- _What you will do_
Transcribe exactly everything in the data below from the line containing "This beautiful lady's" down to the line containing "Total weight of", both lines included and nothing further.

- _Entries shown_

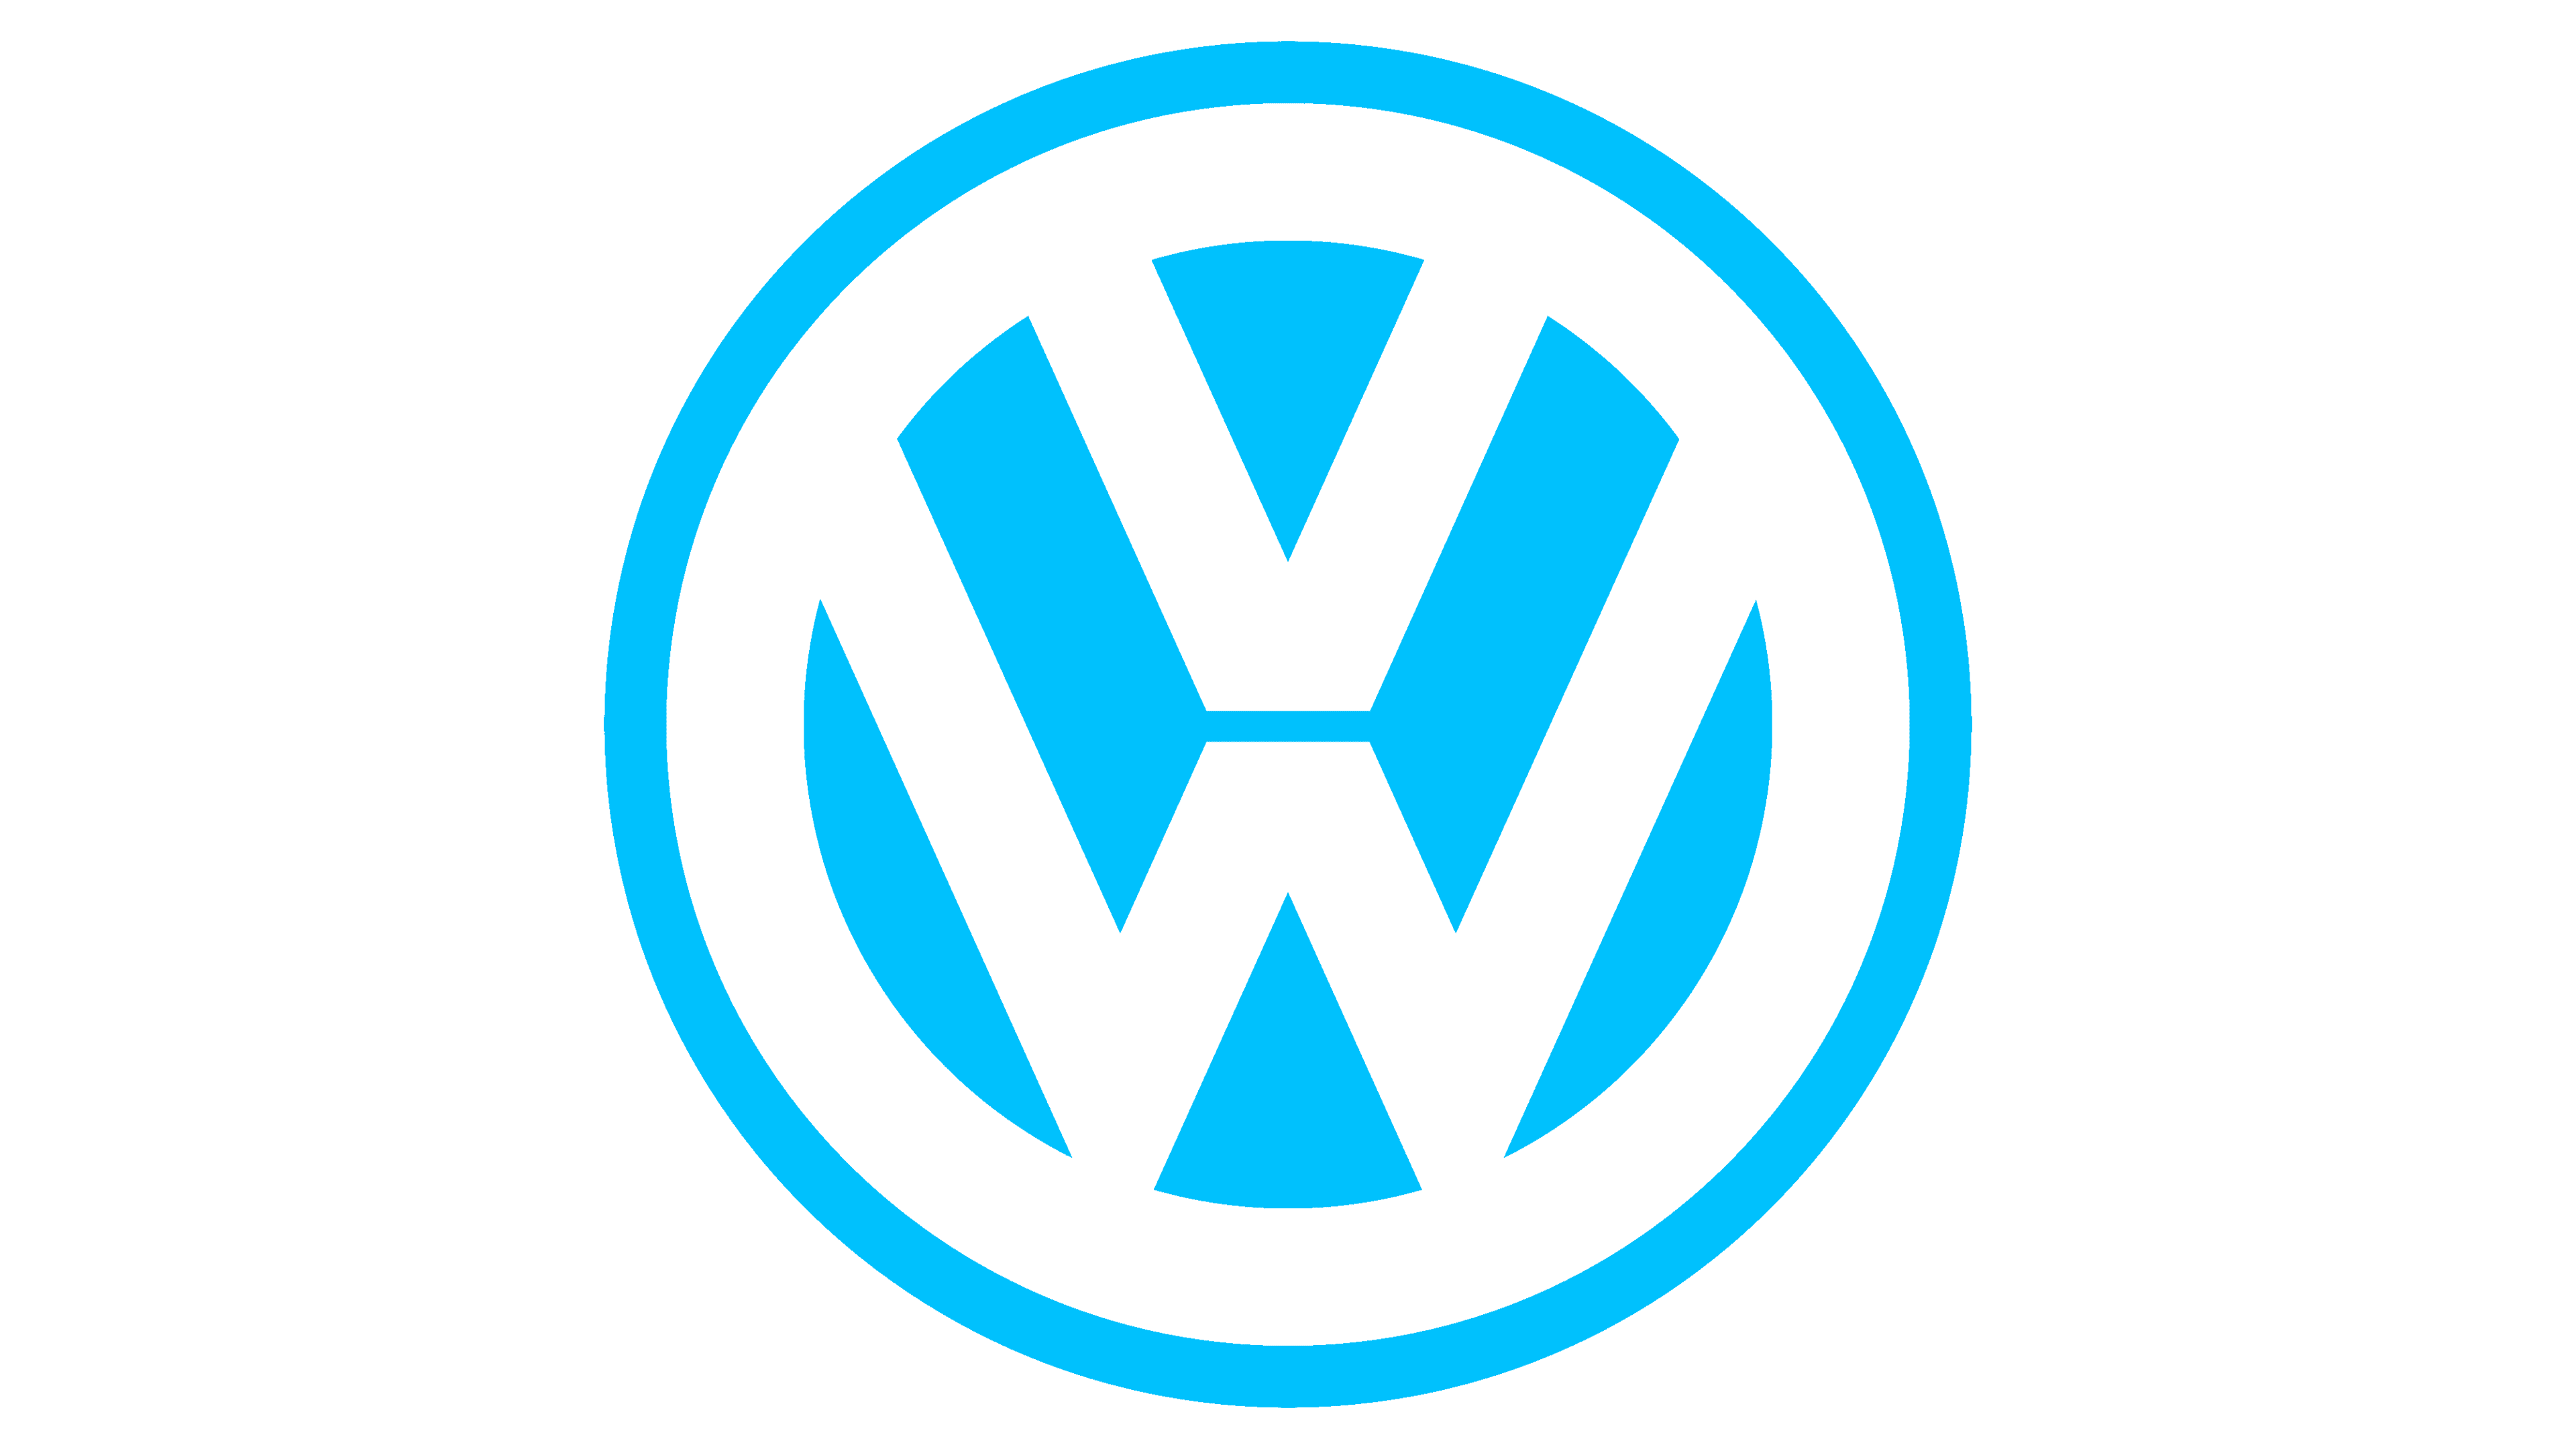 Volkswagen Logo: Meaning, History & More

---

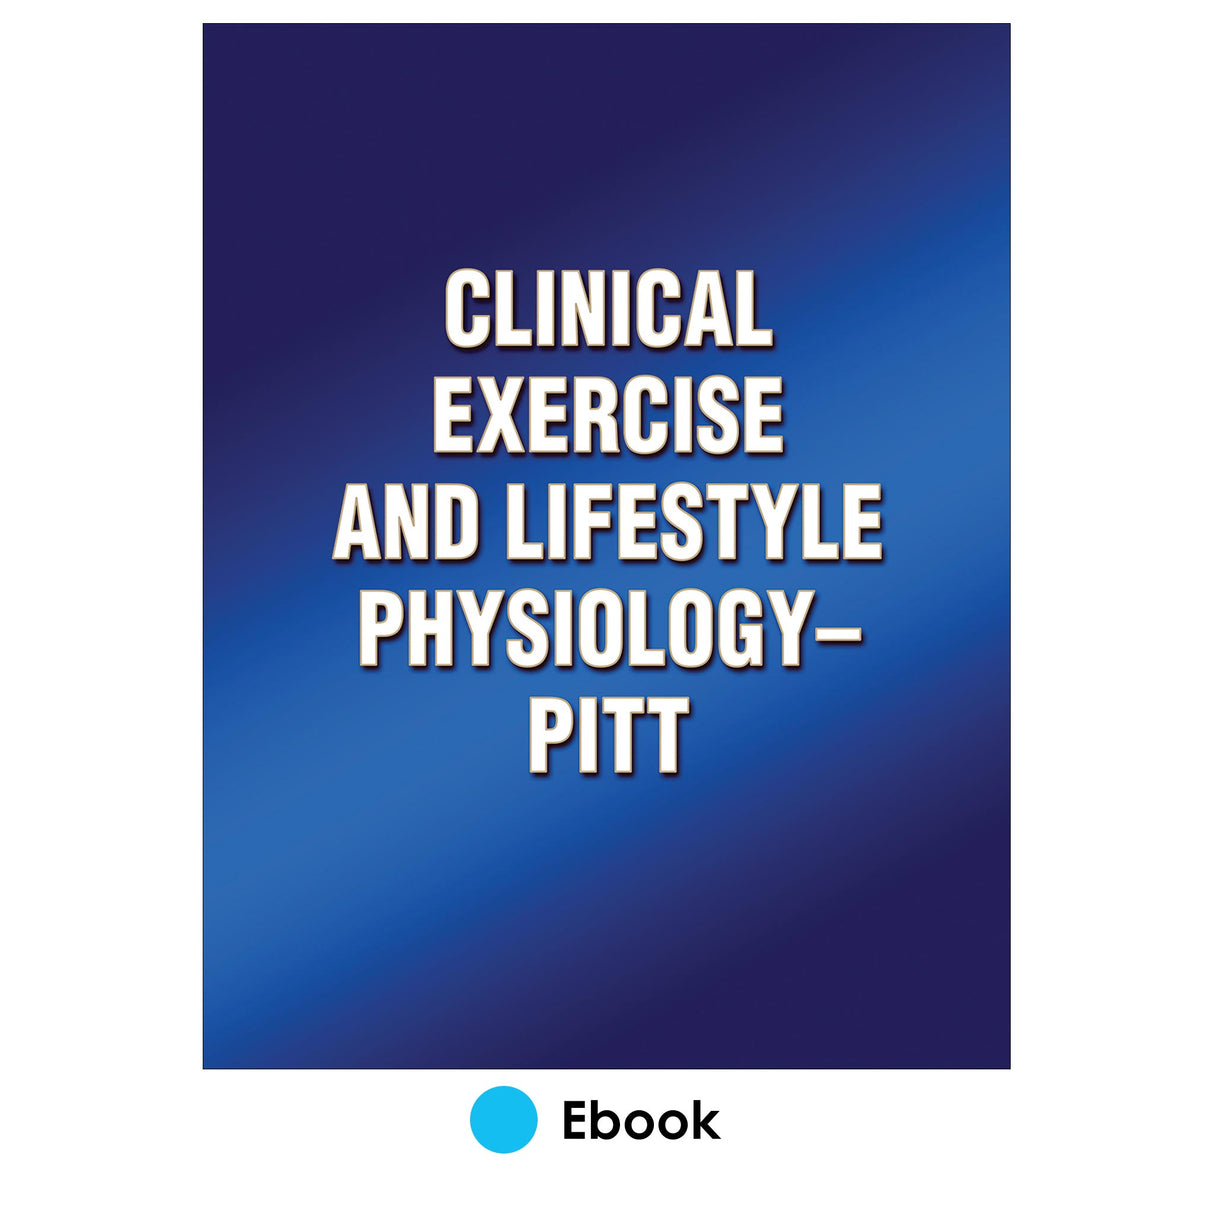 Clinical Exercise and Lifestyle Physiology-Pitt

==

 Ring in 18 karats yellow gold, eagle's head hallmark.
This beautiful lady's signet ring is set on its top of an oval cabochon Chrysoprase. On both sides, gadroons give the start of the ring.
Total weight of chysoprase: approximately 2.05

- _Answer to this exercise_
This beautiful lady's signet ring is set on its top of an oval cabochon Chrysoprase. On both sides, gadroons give the start of the ring.
Total weight of chysoprase: approximately 2.05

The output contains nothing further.